━━━ Raw data
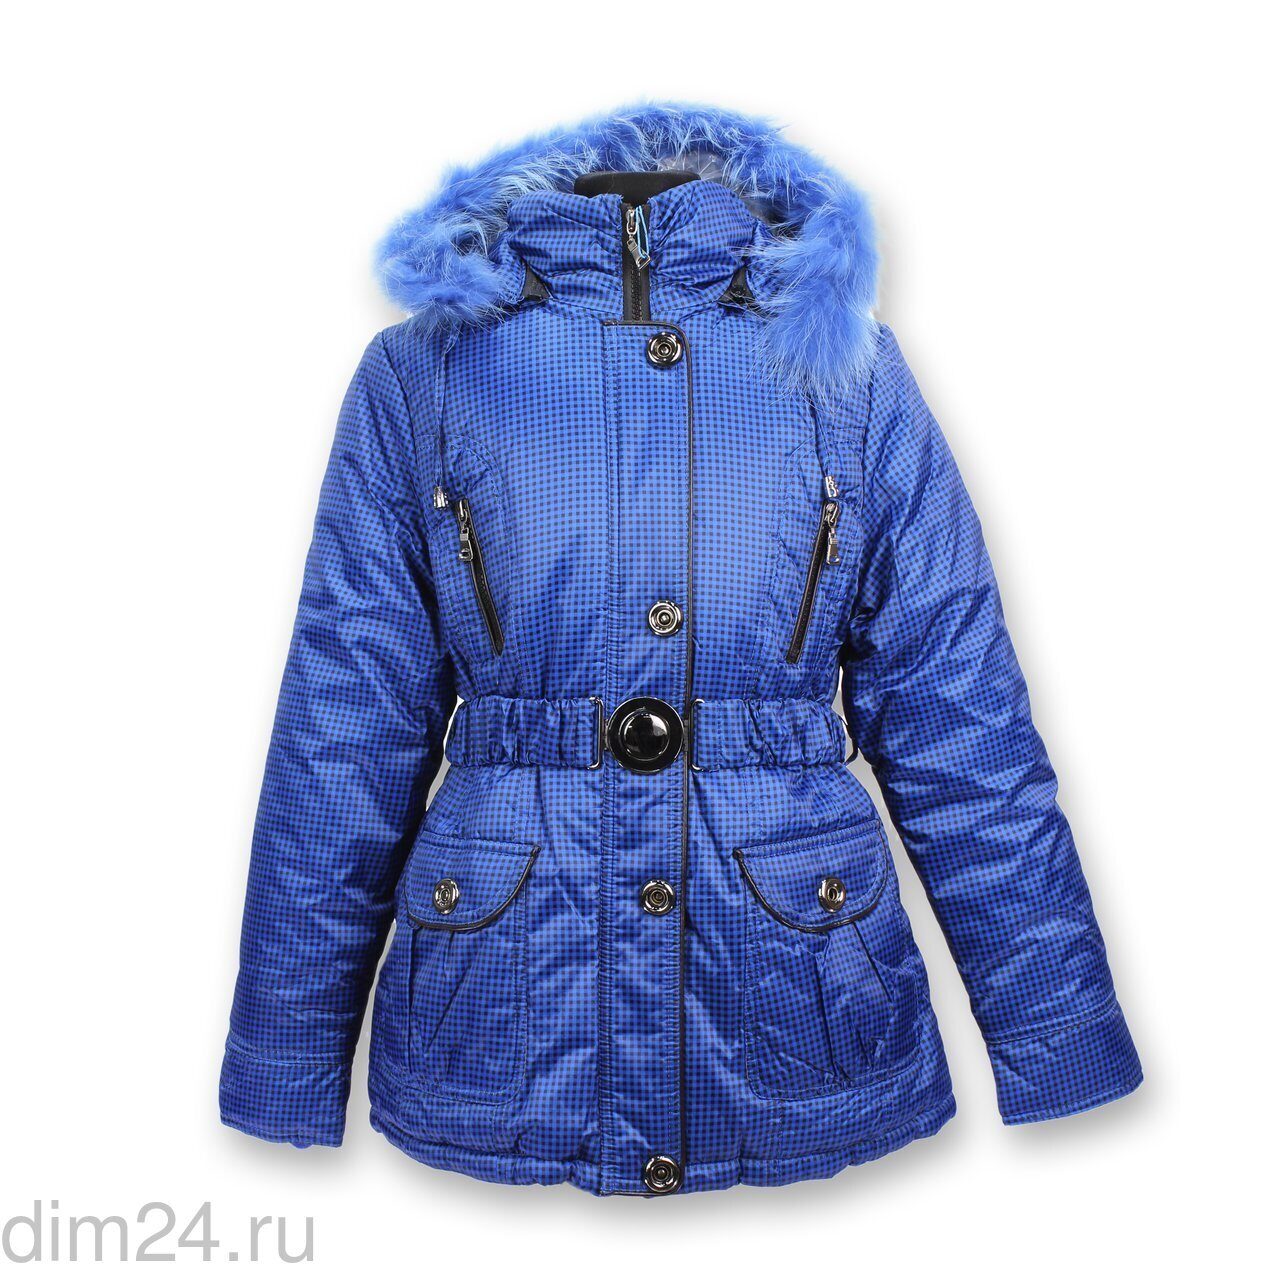 Куртка для девочек зима Moonbox размеры с S по 2XL (5 шт.)
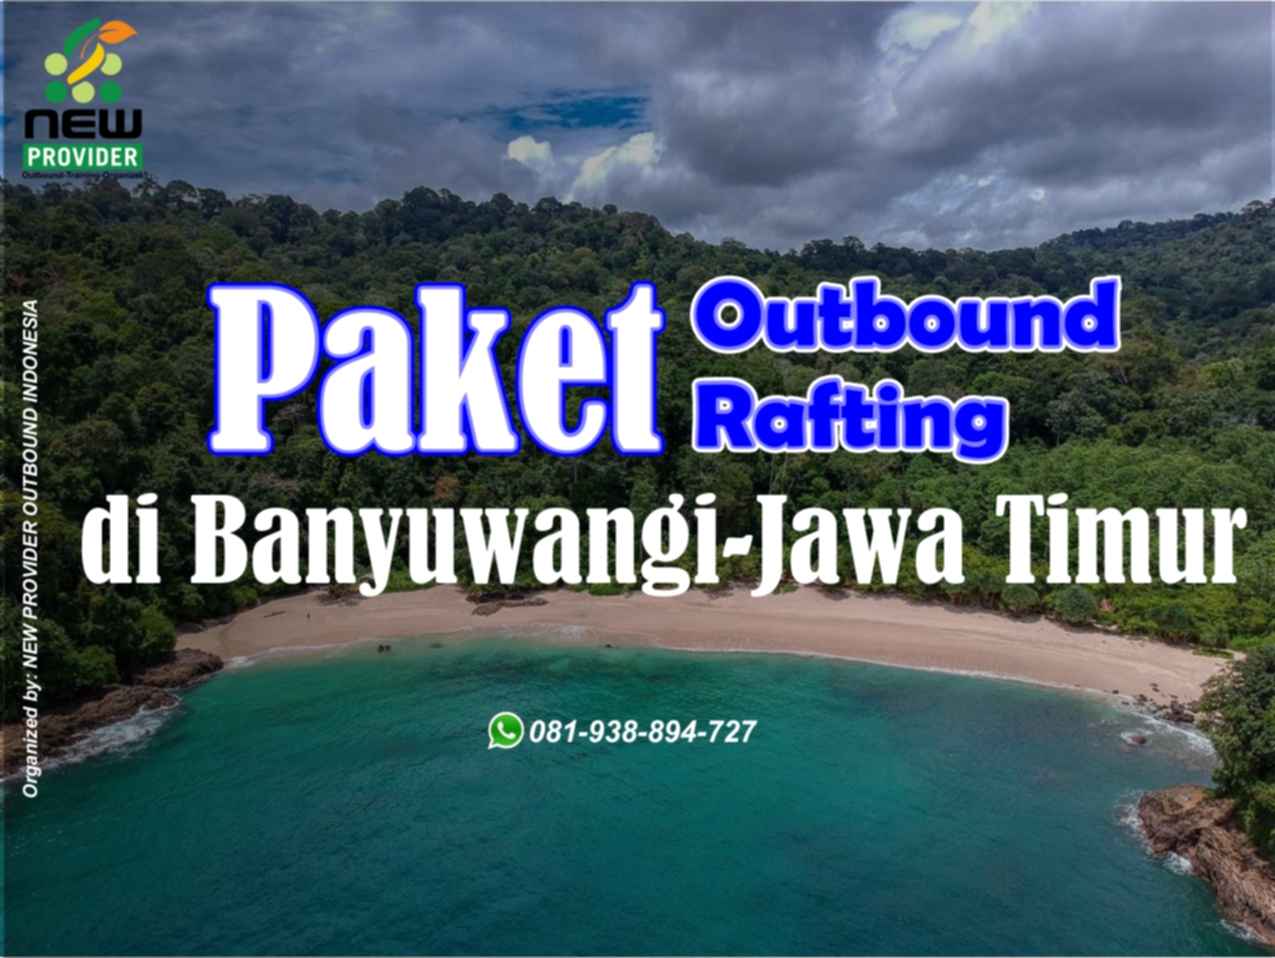 Paket Outbound Banyuwangi
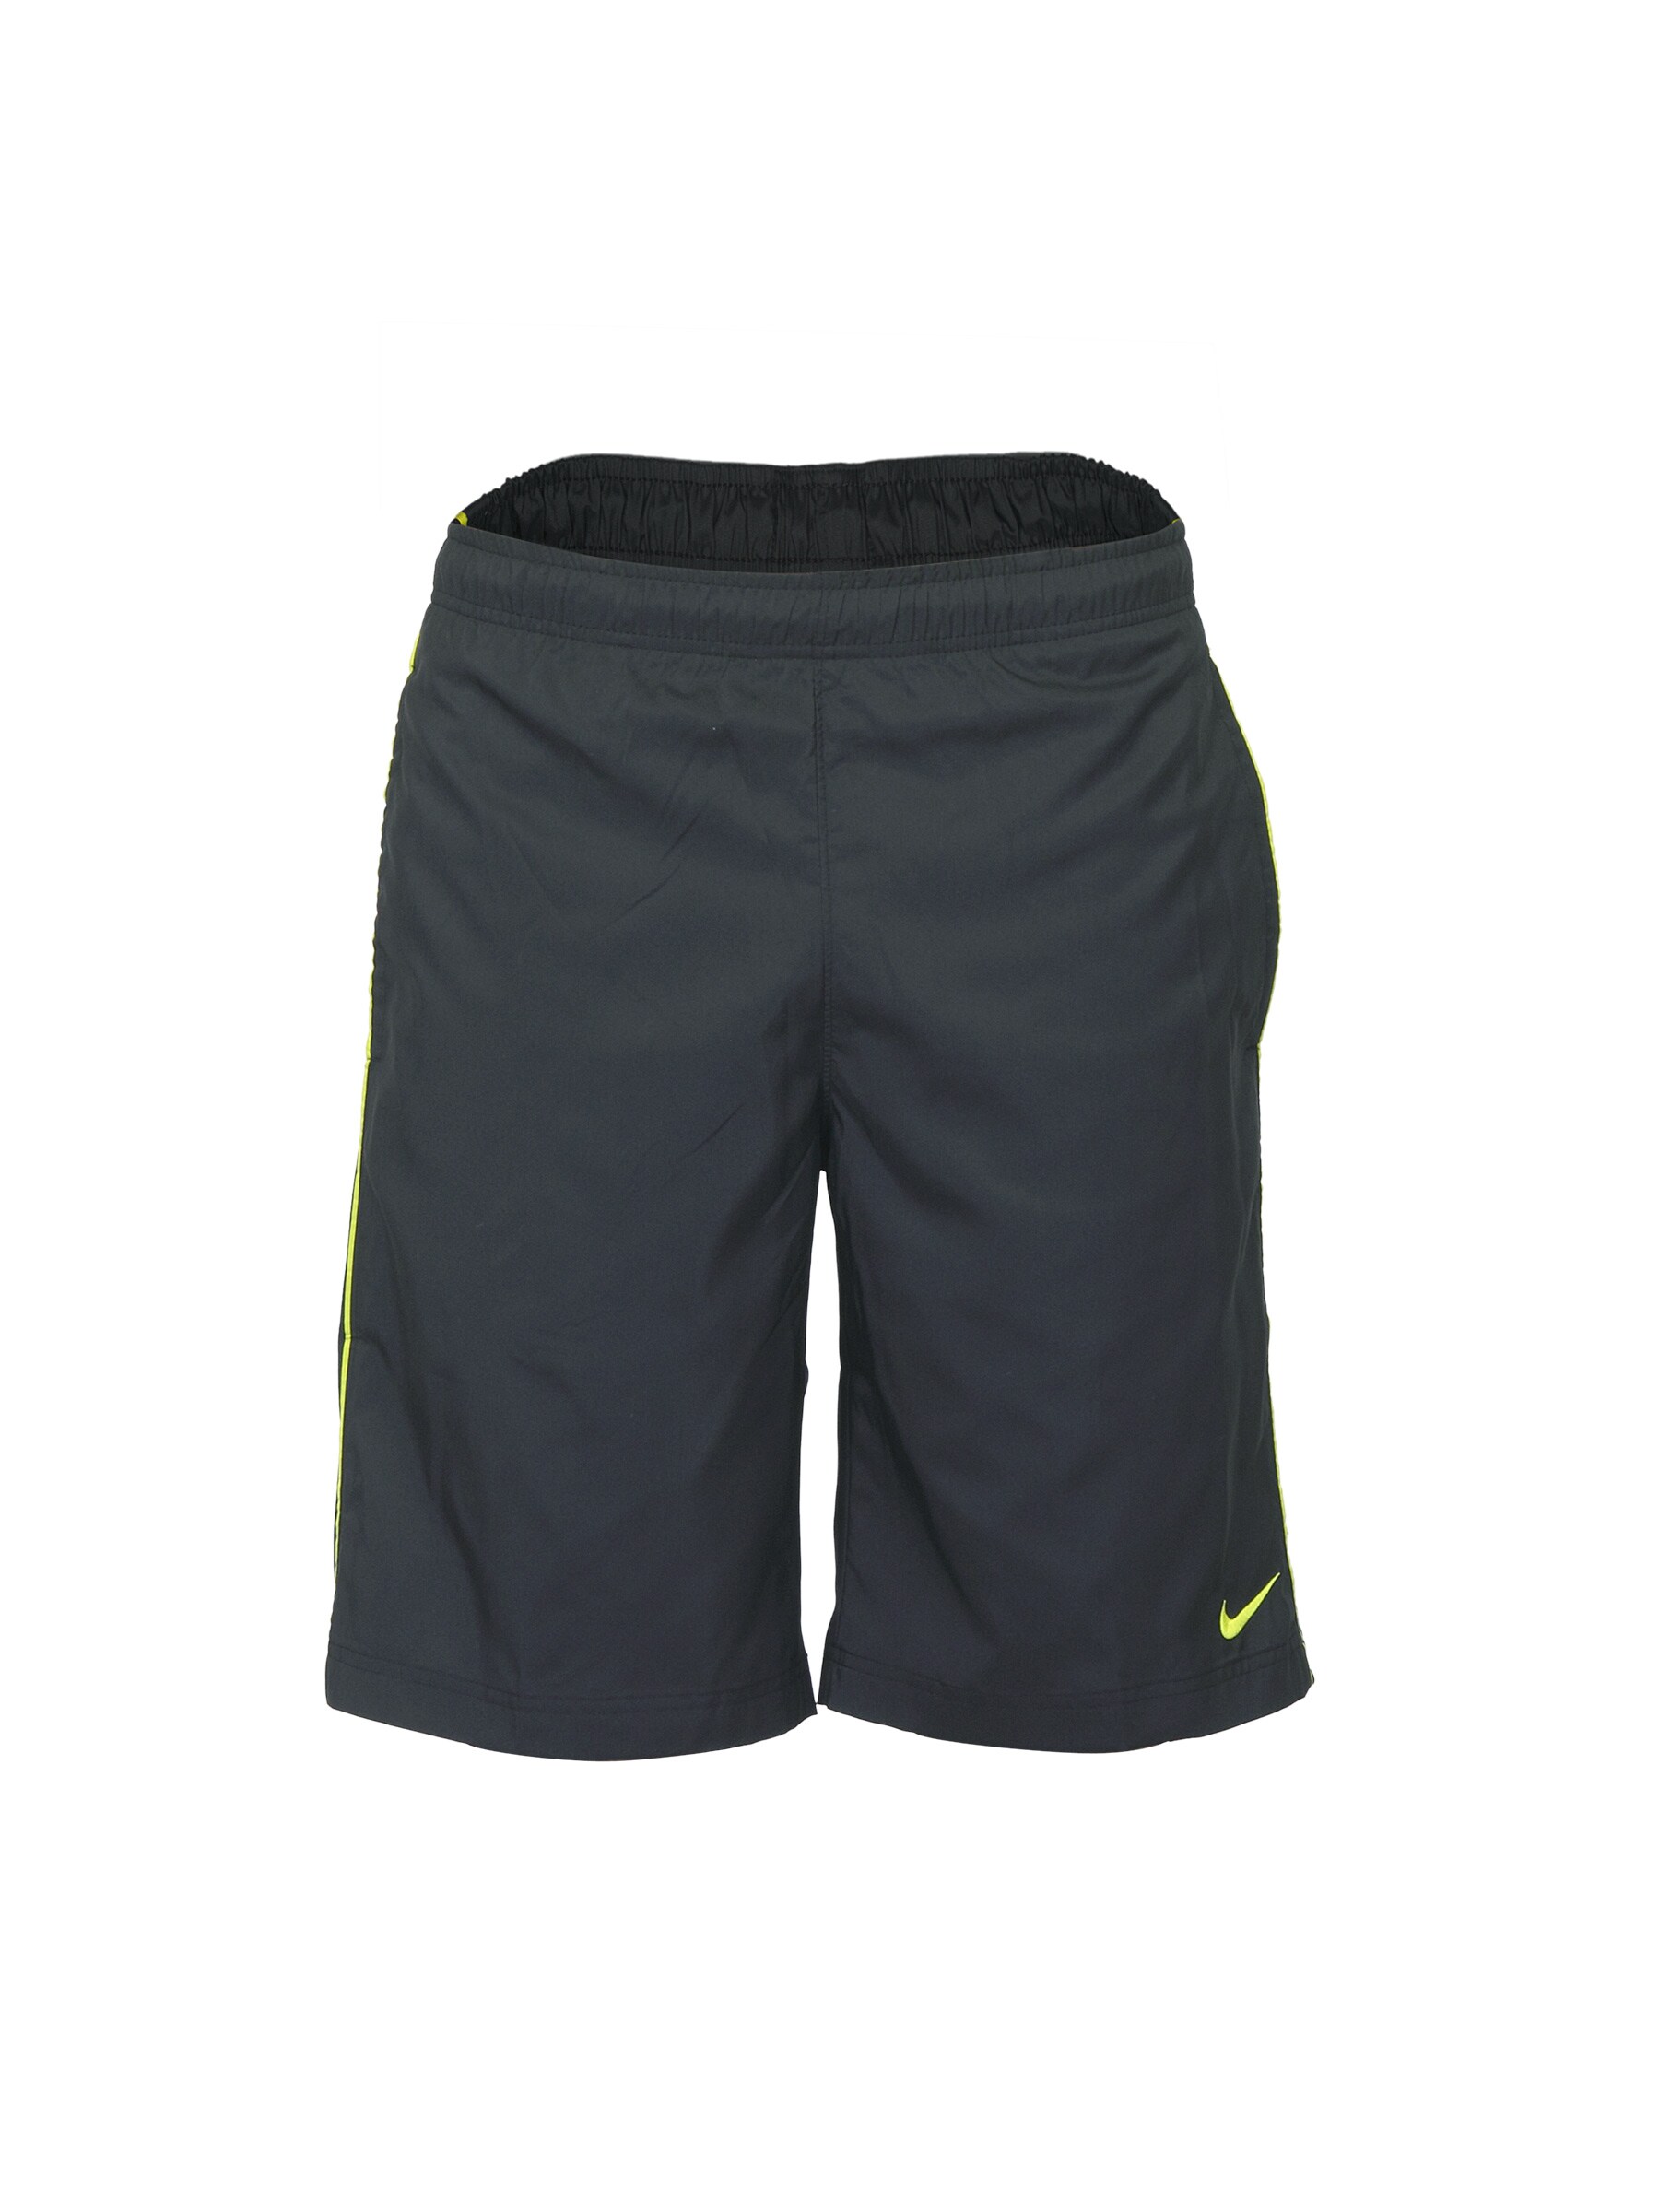 Nike Men Black Shorts
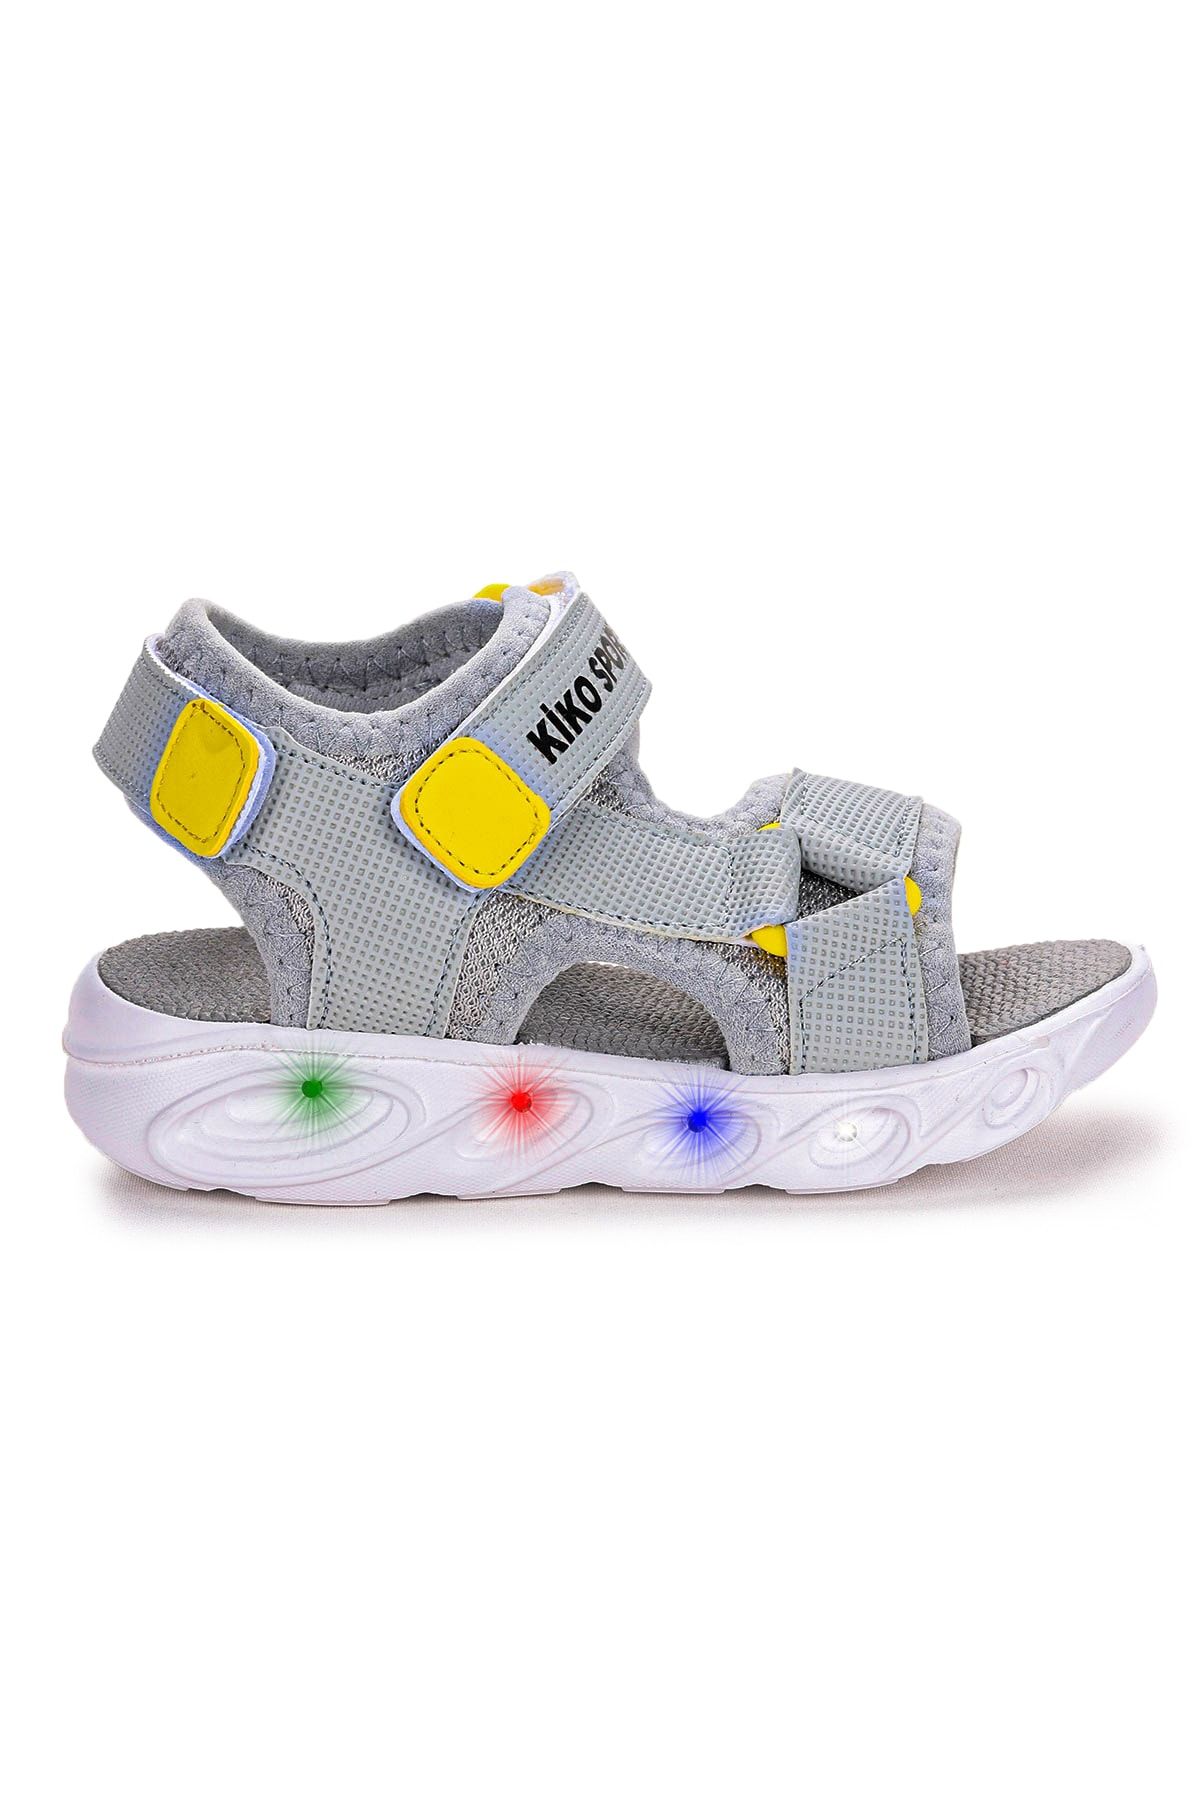 Kiko Kids 103 Işıklı Günlük Erkek Çocuk Cırtlı Sandalet Ayakkabı
━━━━━━
Copy all the material word for word, minus its pictures.

 Куртка для девочек зима Moonbox размеры с S по 2XL (5 шт.)
 Paket Outbound Banyuwangi
 Nike Men Black Shorts
 Kiko Kids 103 Işıklı Günlük Erkek Çocuk Cırtlı Sandalet Ayakkabı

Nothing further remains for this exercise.